As far as the “uncompensated” care they claim to not be paid for, I’m absolutely sure they use the inflated price lists and list prices to calculate the free or poorly paid charges. This makes the uncompensated part much, much higher. I’d like to see exactly how much uncompensated care they are delivering based on actual, real, and accurate charges. Way, way lower then they state. Now consider that 20-30 million people will be given healthcare who didn’t have it before AND all of us have to pay premiums and taxes to “buy” them healthcare, we have a perfect storm that will only make the hospitals and drug companies richer, ruin whatever care we now deliver, drop physician and healthcare worker salaries even further, and make unsustainable increases in the future. Until everything collapses. And it will.


Posted: Tuesday, March 12, 2013
Article comment by: Obscene Profits

Thank you to Dyan Allen for pointing out the absurdities in Obamacare, and to Kayo Parsons-Korn for the interesting tidbit on the relative costs for her procedure.

Look at it this way Kayo: at least you paid your fair share to fund the hospital board of directors annual retreat to Hawaii.

These important Hawaii meetings for the privileged few at the top sure help keep healthcare affordable in the Verde Valley!


Posted: Tuesday, March 12, 2013
Article comment by: Dyan Allen

Kayo Parsons-Korn is 100% correct in her opening statement and Barbara Dember says as much in her statement "hospital shift costs to patients with commercial insurance." This practice of cost shifting has now been cemented in the new Healthcare law which is designed to shift the cost of care across all paying parties. Next year, the final phase kicks in and Kayo will no longer be "allowed" to buy health insurance without paying for maternity coverage. As a woman without a uterus, she is probably not interested in paying for maternity coverage, but she'll have no choice.
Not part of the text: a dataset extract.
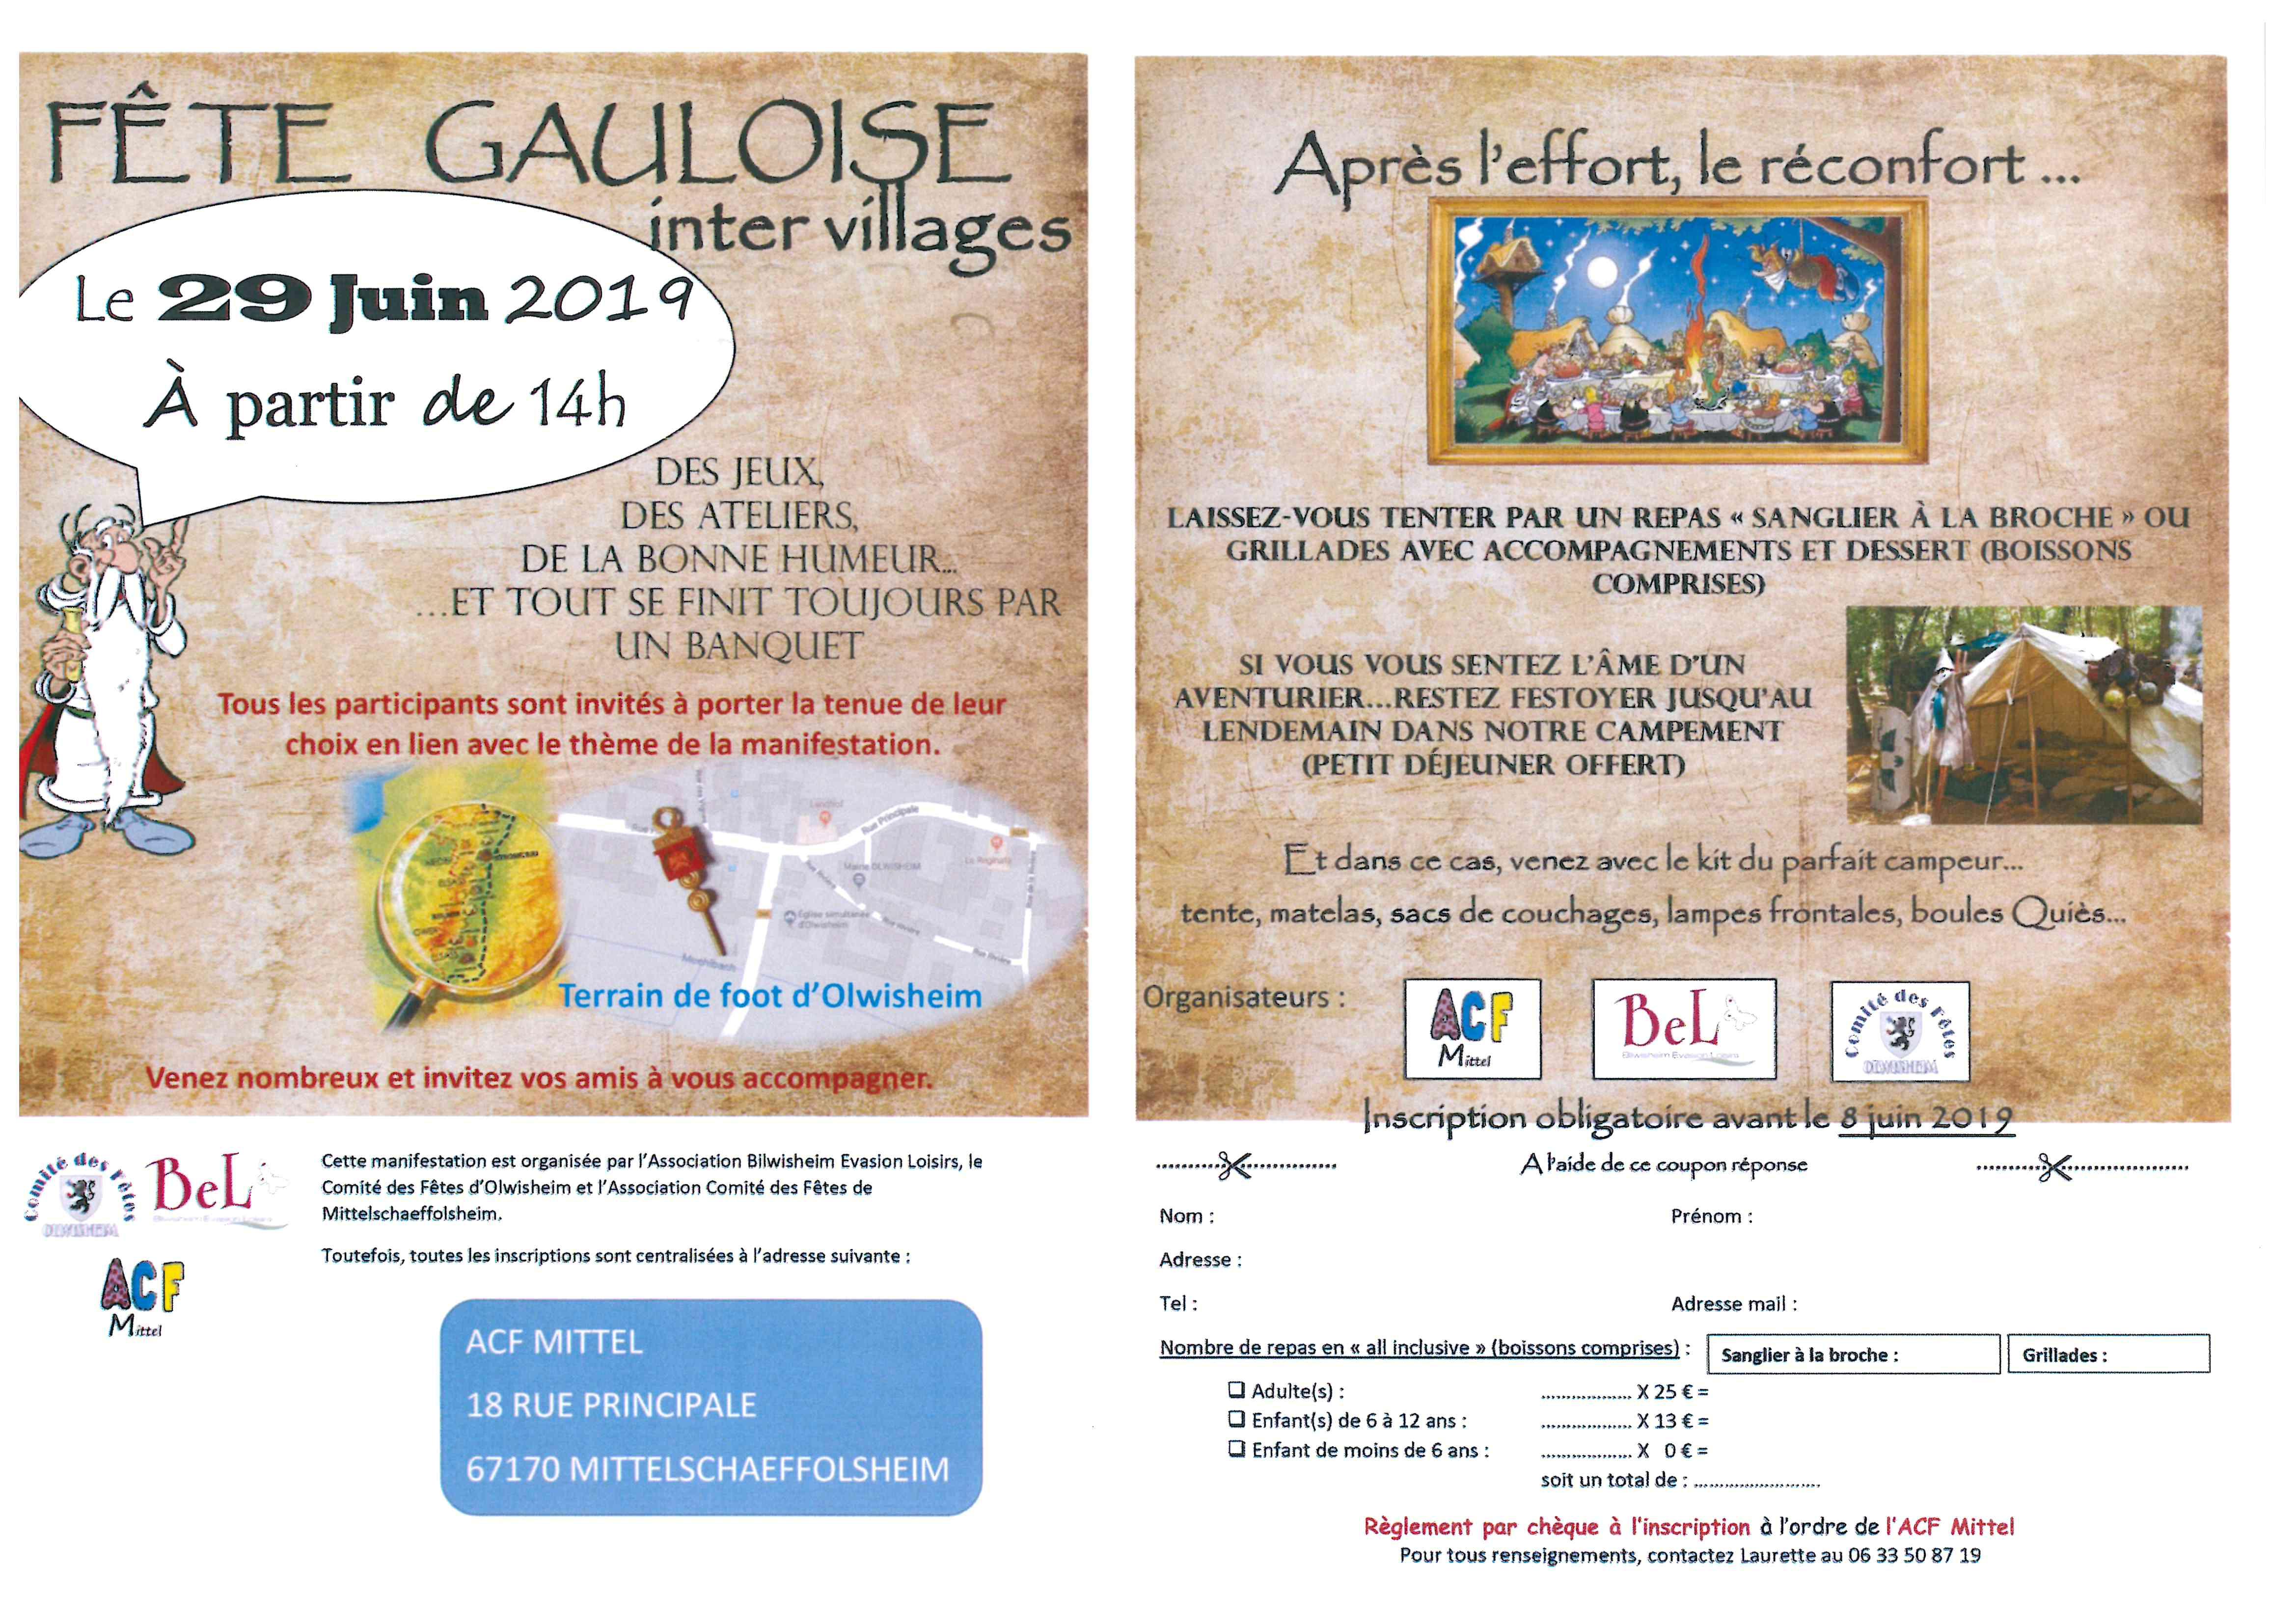 Fête Gauloise inter villages

Everyone, including men, will be paying for dozens of government-mandated "essential" coverages they don't need or want, and maternity is just one of the pricier ones. There is no "opting out" and the IRS will fine you if you don't buy it starting 9 months from now. Elections have consequences.

Posted: Monday, March 11, 2013
Article comment by: Kayo Parsons-Korn

I can only think that the people who think they get excellent care at a reasonable price at this facility must be on Medicare. There are a lot of seniors here in the valley. I guess those of us who are not seniors have to make up for the Medicare recipients.
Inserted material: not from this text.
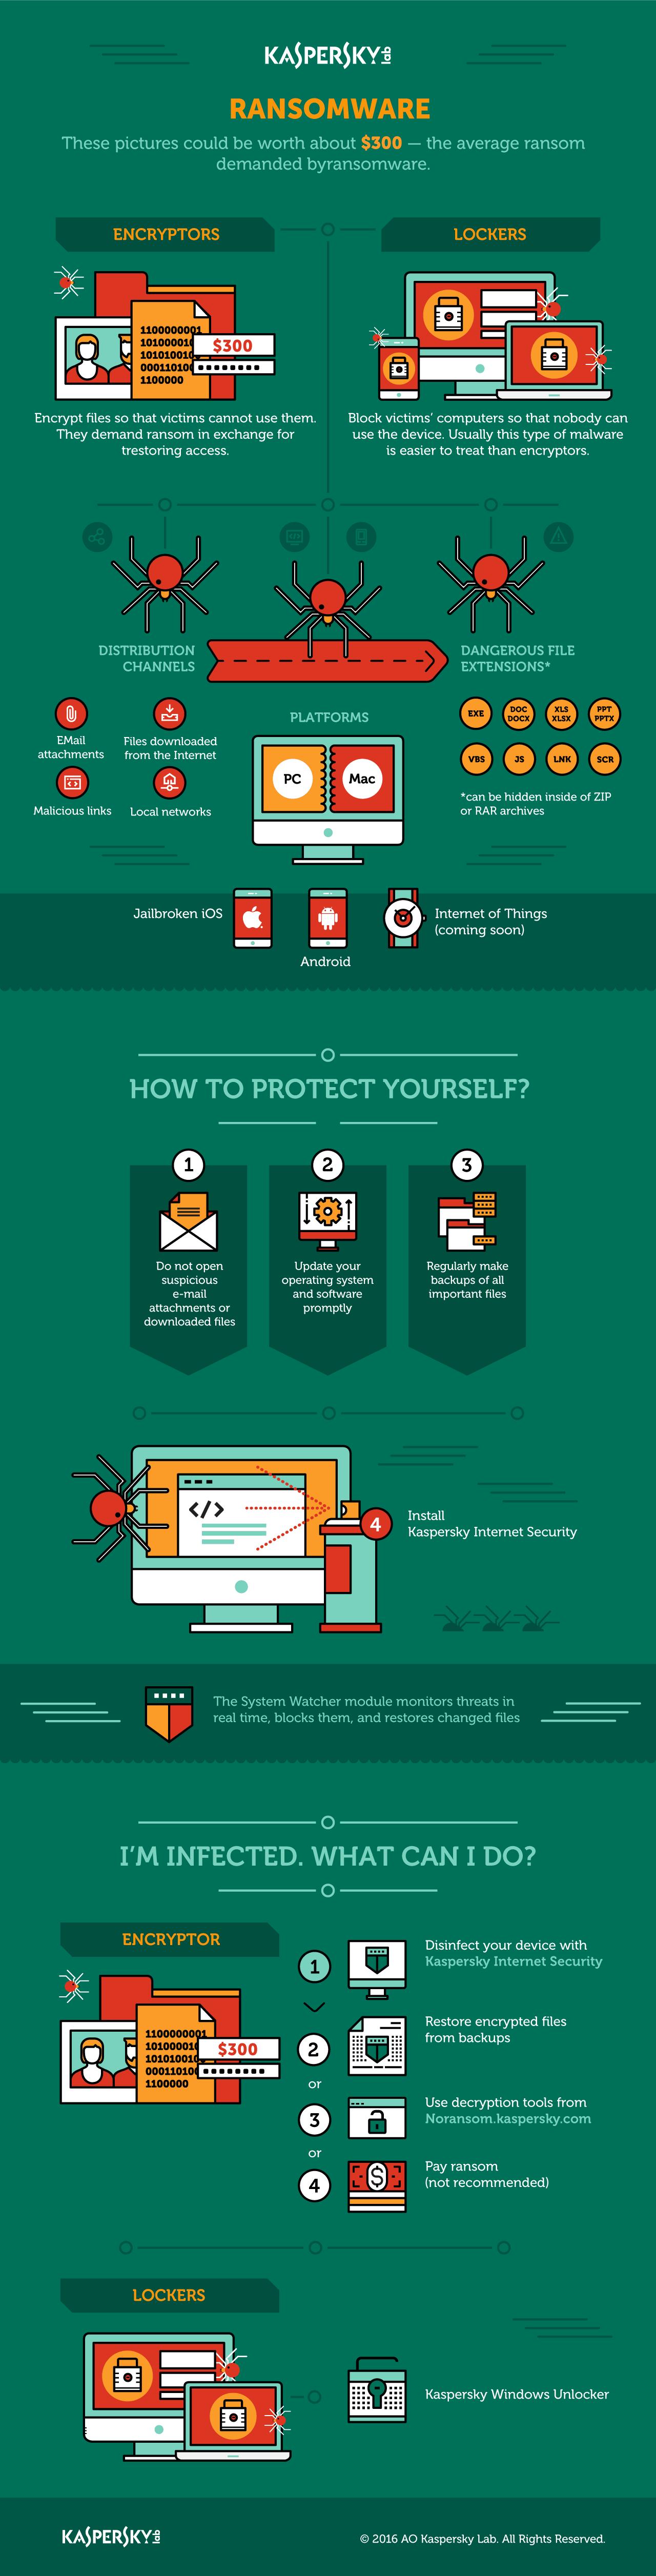 ransomware-ig-en

I had a total hysterectomy about three years ago. Total price $26,000. No complications, two night stay. The Healthcare Blue Book puts this operation and hospital stay $9,344. And that's for a four day admission.

Now if you look at their figures:

http://www.healthcarebluebook.com/page_Results.aspx?id=102&dataset=MD

the cost for the surgeons and anesthesia services were quite in line for the bluebook. Around $4,000 for the two surgeons and anesthesiologist. What was way more was the hospital stay. And we're comparing two days to the Bluebook's four!
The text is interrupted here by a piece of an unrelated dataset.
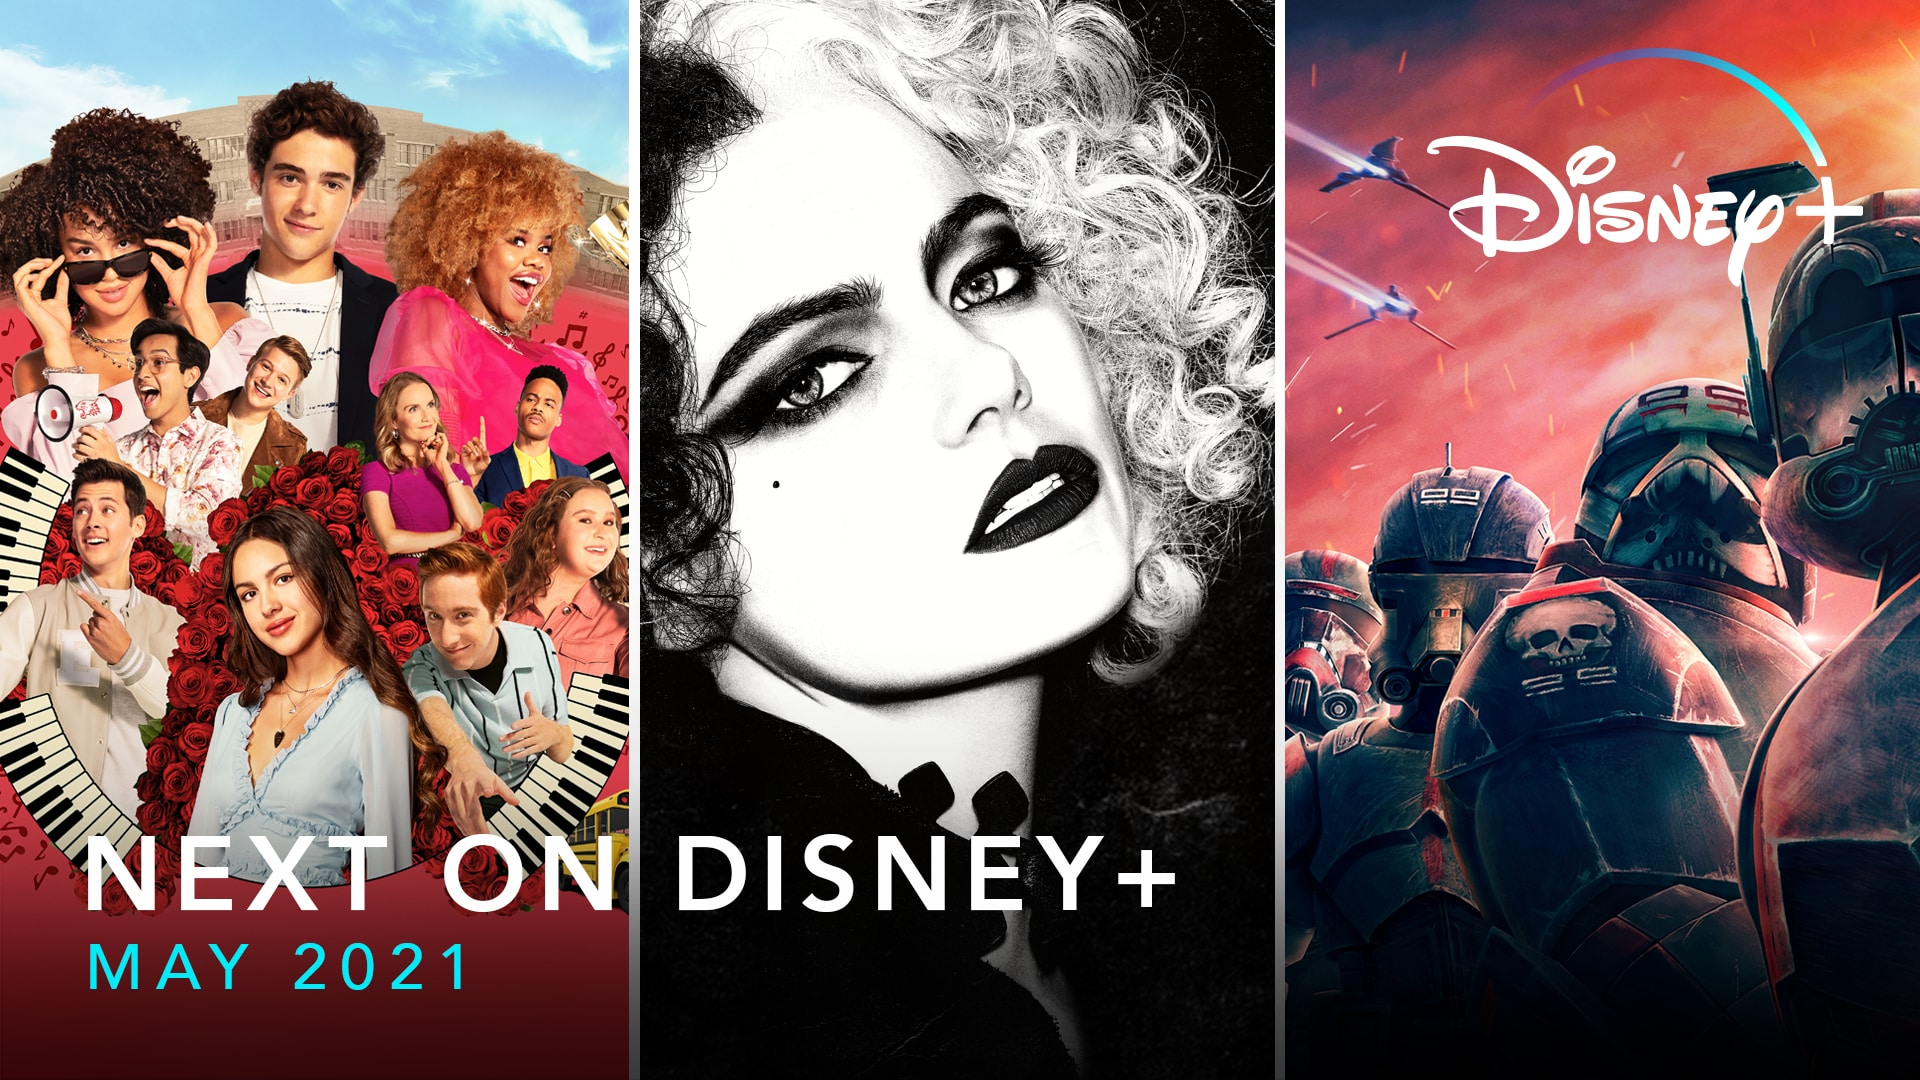 Next On Disney+ - May 2021| Disney+

And then I had about six months of hassling to get my insurance company to pay. No doubt they thought the price was outrageous too.

I've learned my lesson, if you aren't on Medicare and aren't having an emergency, shop around. You might be better off going out of network to Phoenix.


Posted: Monday, March 11, 2013
Article comment by: Gaia Gurl

Why is a BROCHURE selling the medical center in the EDITORIAL section?

Shouldn't they have BOUGHT an AD for this?


Posted: Sunday, March 10, 2013
Article comment by: Brian Carlson

Good Job VVMC. I have been a patient at VVMC and experienced the most caring staff of any Medical Center that I have been to. The doctors, nurses and administration were all helpful and professional.

Posted: Sunday, March 10, 2013
Article comment by: Ahhh, Yes!

The medical industrial complex at it's finest!

Posted: Sunday, March 10, 2013
Article comment by: P F

@ Ms. Dember

You should forward VVMC's billing for the $6,800,000 write-off to that great humanitarian Jan Brewer who, after staring blankly into space for a full minute, answered a question about where Arizona's Healthcare-uninsured could get medical care, flatly stating they go to the Emergency Room, as you well know, Barbara, the best place for free medical care.